After the amulet market (actually, old men sitting on a dirt sidewalk with their wares in small glass cases) came the Grand Palace with its whitewashed thick walls, crenellations, and uniformed guards.  On the side where I walked, navy personnel dominated and six naval officers stood with an official looking woman while someone sang in a high Thai voice.  

I made contact with an old bitch whose dugs hung toward the ground.  She licked my hand and wagged her tail, then followed me across the street into Wat Po.  On the corner across from Wat Po was a dried cuttlefish stand with box after box of the flattened creatures bound with red cord and ready for home use.

At Wat Po my friend and I entered the temple grounds.  I may not have explained this before, a temple is not one building, it is a complex of buildings with varying functions.  Some complexes are larger than others and Wat Po is large with many buildings.  It houses an elementary school, the Reclining Buddha, the largest in Thailand, several small chapels, a souvenir shop, toilets, an ordination hall or bot, administration buildings and monks quarters. 

It also houses, since the early part of this century the definitive school for Thai massage.  Western medicine pushed Thai medicine and massage (an integral part of it) out of the hospitals and academic settings and Wat Po took responsibility.  My first stop was the massage school. I had a muscle or ligament owey, plus three weeks of travel insults to joints and limbs and torso.

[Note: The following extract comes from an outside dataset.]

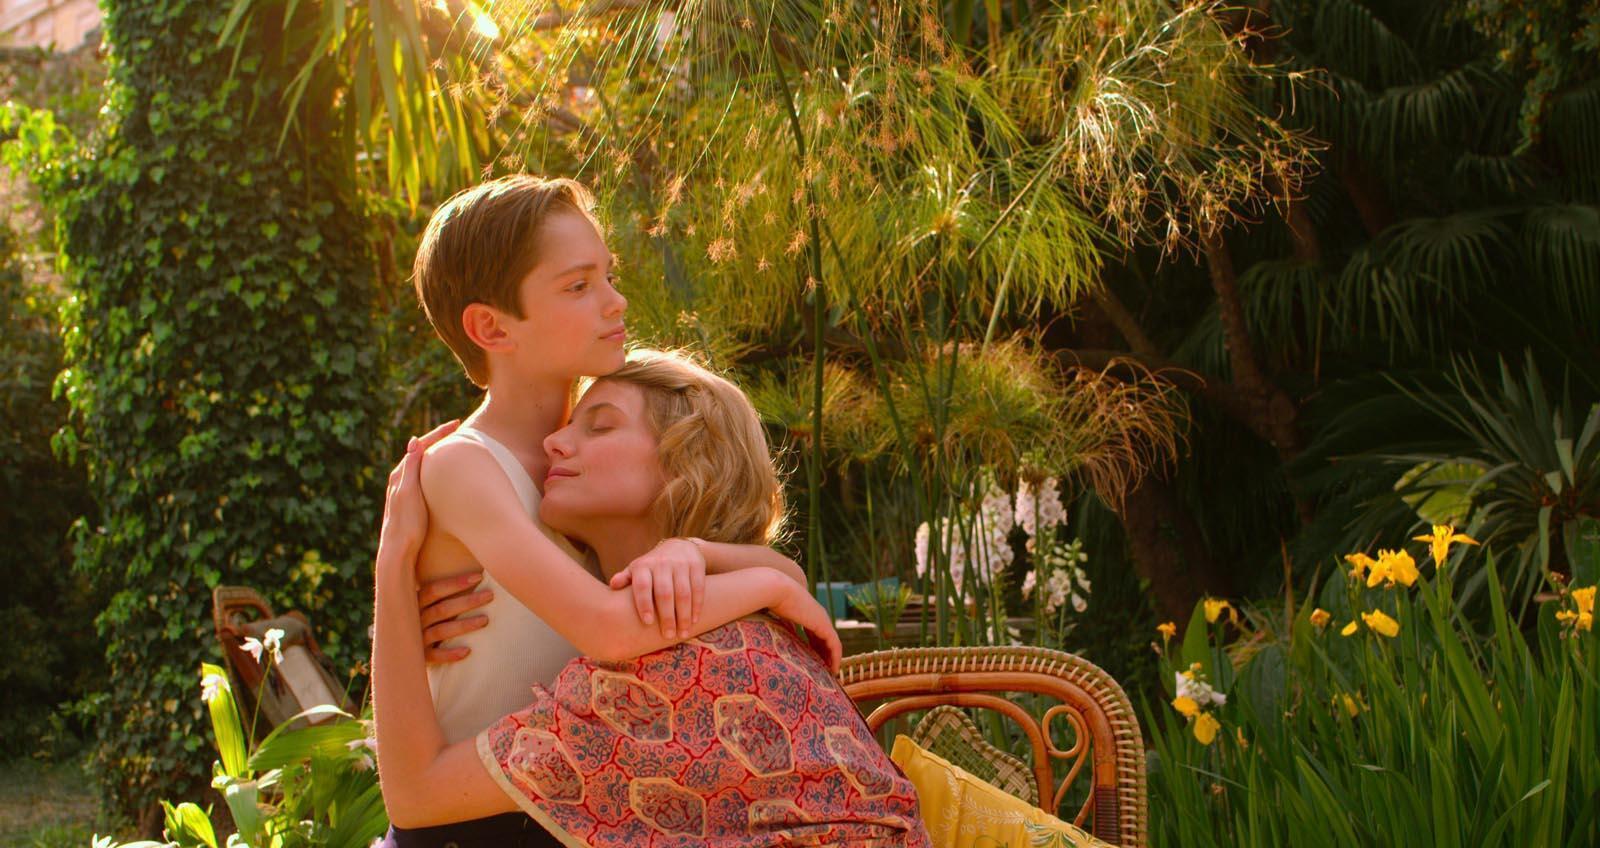 """Diễn viên Mélanie Laurent trong một cảnh phim """"Vĩnh cửu"""" (Eternité) của đạo diễn Trần Anh Hùng."""

Here the pilgrimage rears its head again.  The massage school, I knew, existed. I read about in more than one place, but the directions I received from the smiling and helpful temple personnel were vague at best.  And Wat Po is a big, confusing mix of buildings, many very tall.  And I wanted a massage. 

Bad.

Sooner.

So, I wandered the sacred precincts of Wat Po; my quest, find the massage school.  I found many beautiful buildings and even a guide, with a placard who said, “Over there, turn left.”

I did.  I encountered a small courtyard filled with what looked like English school marms engaged in some flower enterprise with a few white coated temple attendants.  Was this the massage school?

No.  Couldn’t be.  Could it?

I went on and found a monk.  I kneeded my arm and looked questioning.  He nodded and indicated, further on.

Oh.  Seems I’d gotten that direction before.

Still, I kept heading in the general direction they’d all given. 

Then, faraway, through a doorframe, in plain English, Massage School.  I limped on.

400 Baht later, $10 for the herbal pack and an hours massage;  I was in the hands of a petite fortyish Thai woman whose fingers were made of steel.

They gave me a pair of blue cotton shorts to put on since this gave her better access to my legs.  Oh, man.  I was paying for this.  She went right down to the bone, then moved my muscle between her strong fingers and the bone itself.  Now, most of the time, as Kate or my dental hygienist can attest I’m a real non-brave guy when it comes to pain.  I don’t like pain.  It sends a message; you take the message, then you no longer need the messenger.  Well, this woman made me wince. 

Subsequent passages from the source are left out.